STATUS OF THE COCALICO FORMATION, SOUTHEASTERN PENNSYLVANIA
The alternative to Stose's Hamburg klippe is allochthons thrust into the Martinsburg foreland basin. There, graptolites and conodonts have been used to separate autochtonous Martinsburg from Taconic allochthons of the Dauphin Formation in the GV. Using this model, the Cocalico would be a segment of the Martinsburg foreland and also a composite terrane containing autochthonous and allochthonous rocks. We consider the clastic rocks transported on the Alleghenian Yellow Breeches thrust as part of the Cocalico sequence (Cocalico North) and separated from the main body of the Cocalico sequence (Cocalico South) by the truncating Mesozoic basin.

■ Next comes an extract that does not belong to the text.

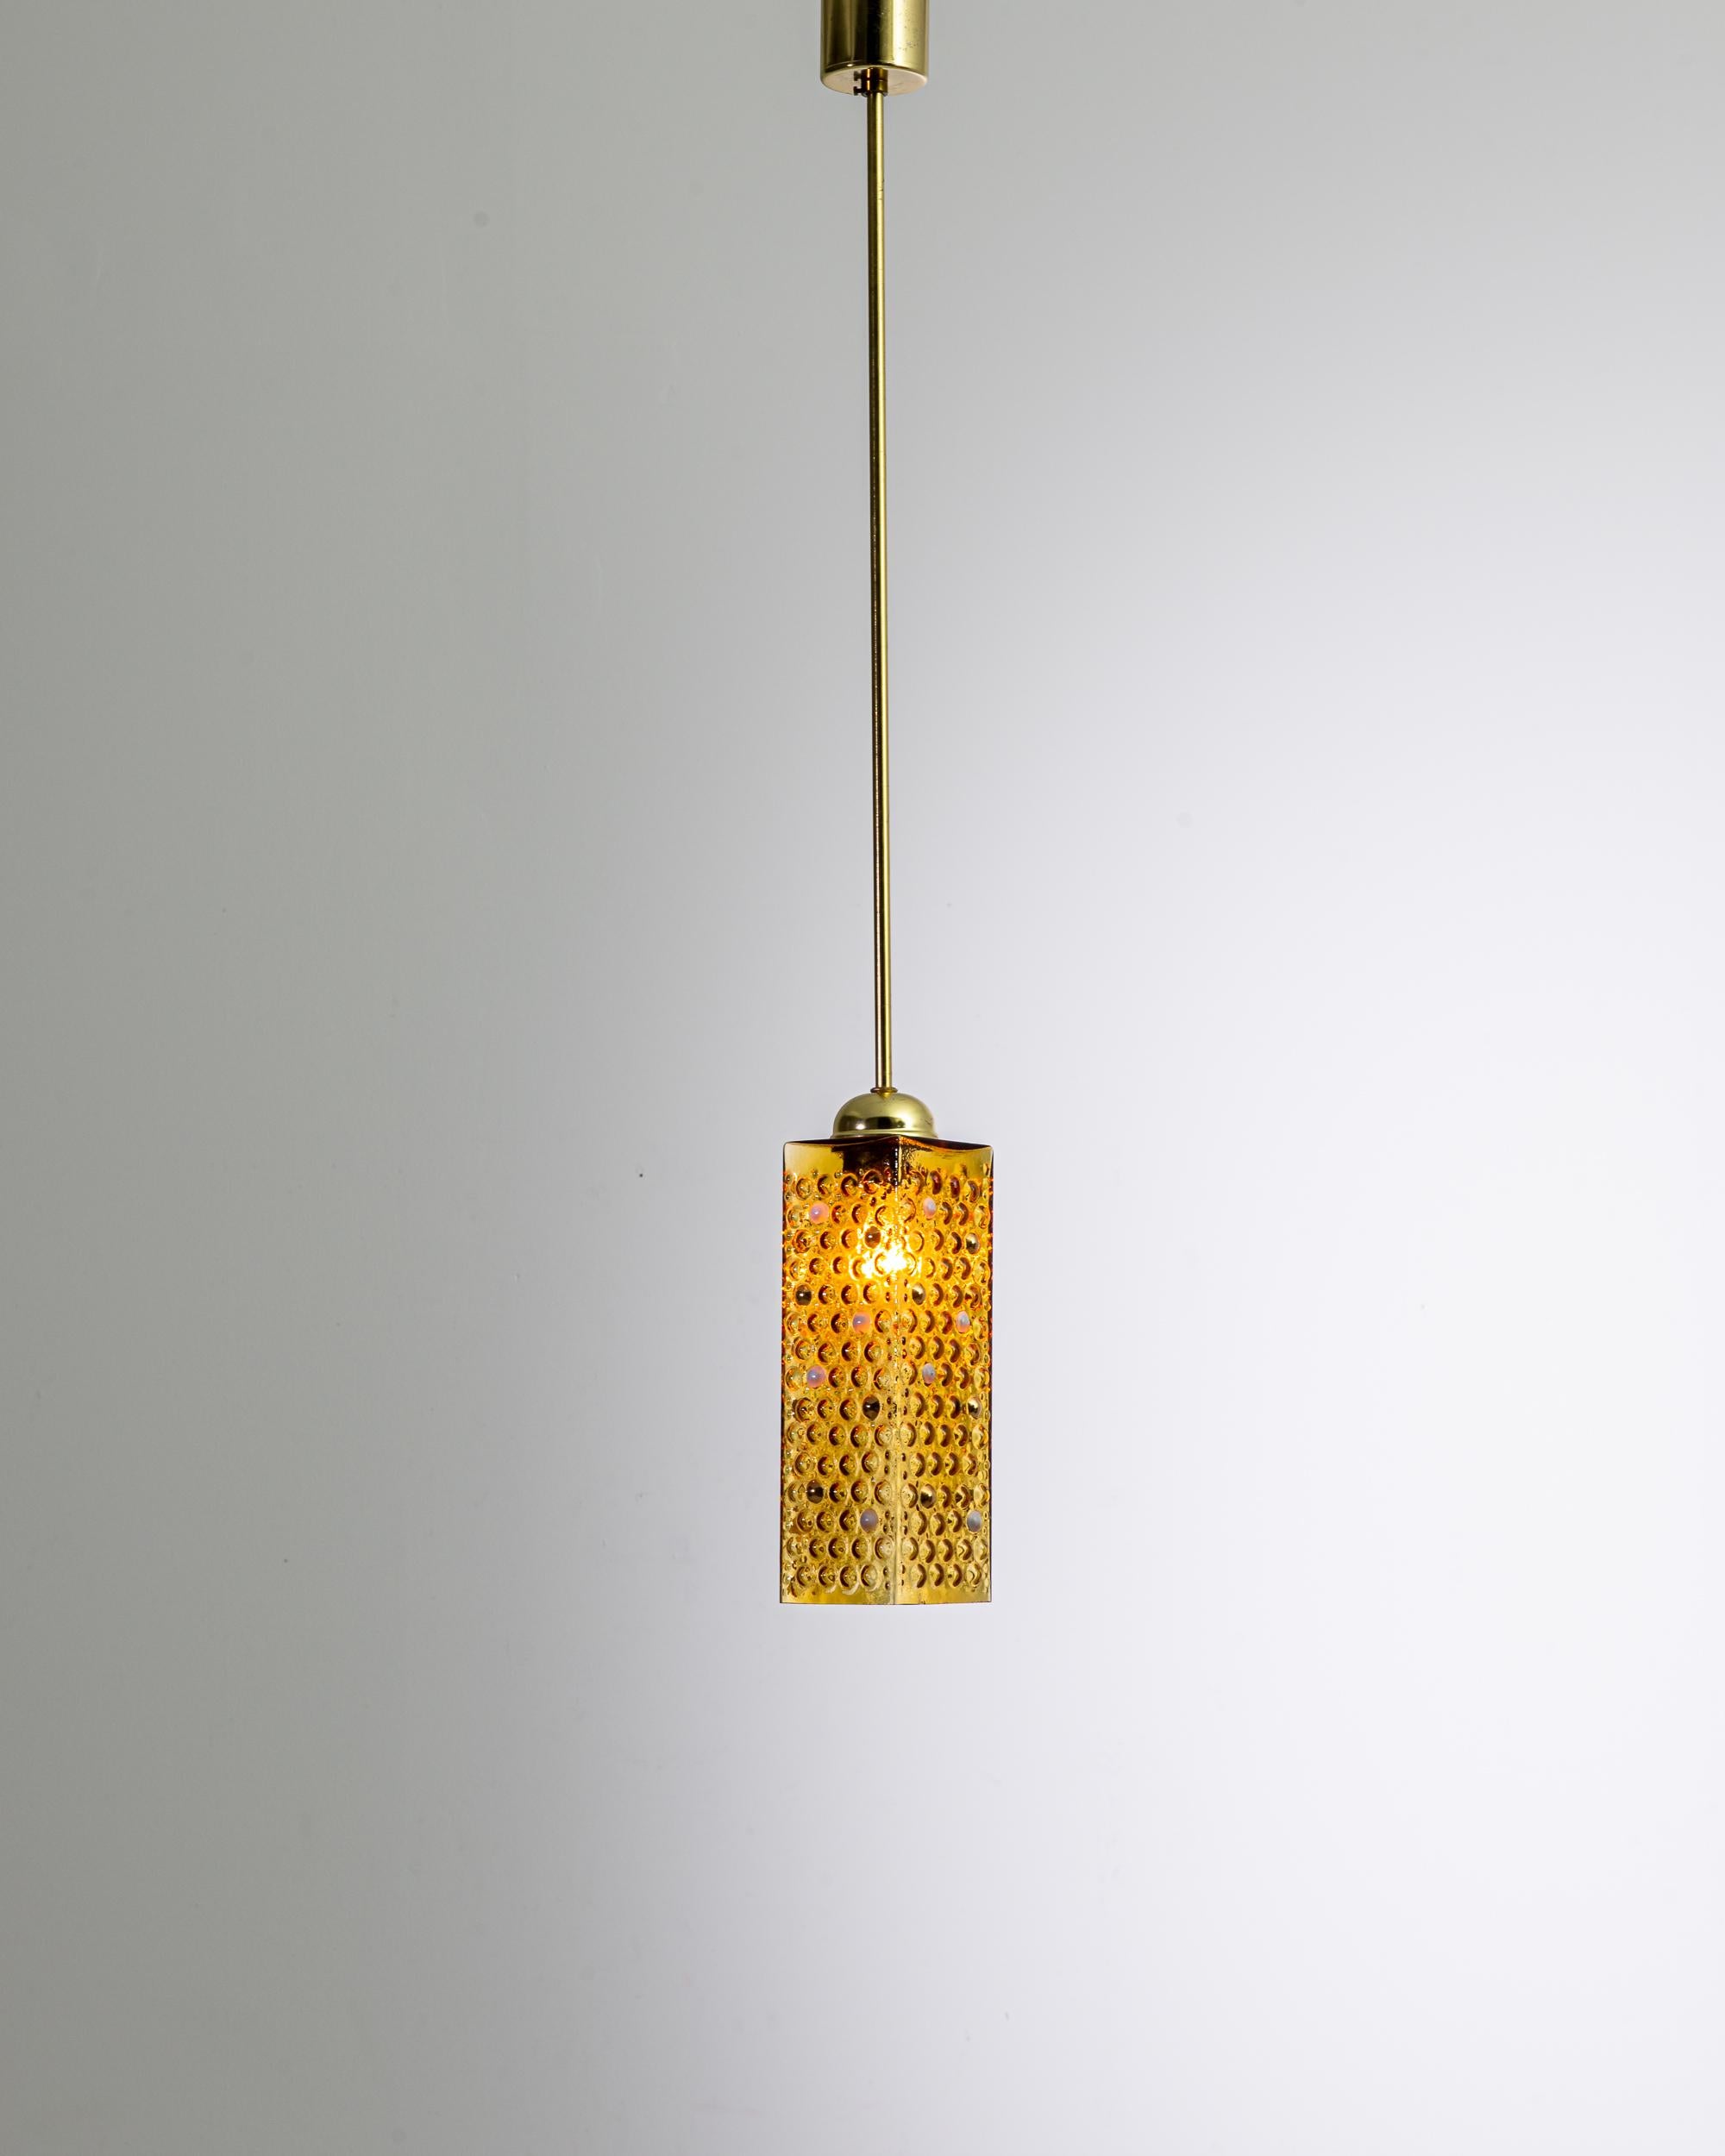 Illuminate your space with the classic sophistication of our 1960s Czech Yellow Brass and Glass Pendant Lamp. This striking piece embodies the innovation of mid-century design, combining the lustrous warmth of a polished brass stem with the textured

Few fossils have been recovered from the Cocalico South. Some dubious graptolites were reported and a single conodont occurrence is identifiable only as Ordovician. Based on appearance alone some of the siliceous red units resemble radiolarian cherts in the Taconic allochthons of the GV. Other greywacke/shale units compare to Martinsburg lithologies. The Cocalico north has deformed graptolite-bearing phyllite with an exclusively biserial fauna indicating a probable early Late Ordovician age permissive for Martinsburg time. Some rocks in the Cocalico North also resemble Dauphin allochthons north of the Yellow Breeches thrust. Thus, the evidence supports the Cocalico being a metamorphosed segment of the Martinsburg foreland comparable to the allochthon-influenced area in the GV. The degree of allochthony for the Cocalico is however, unknown, and its specific relationship to the rocks in the Great Valley awaits more study.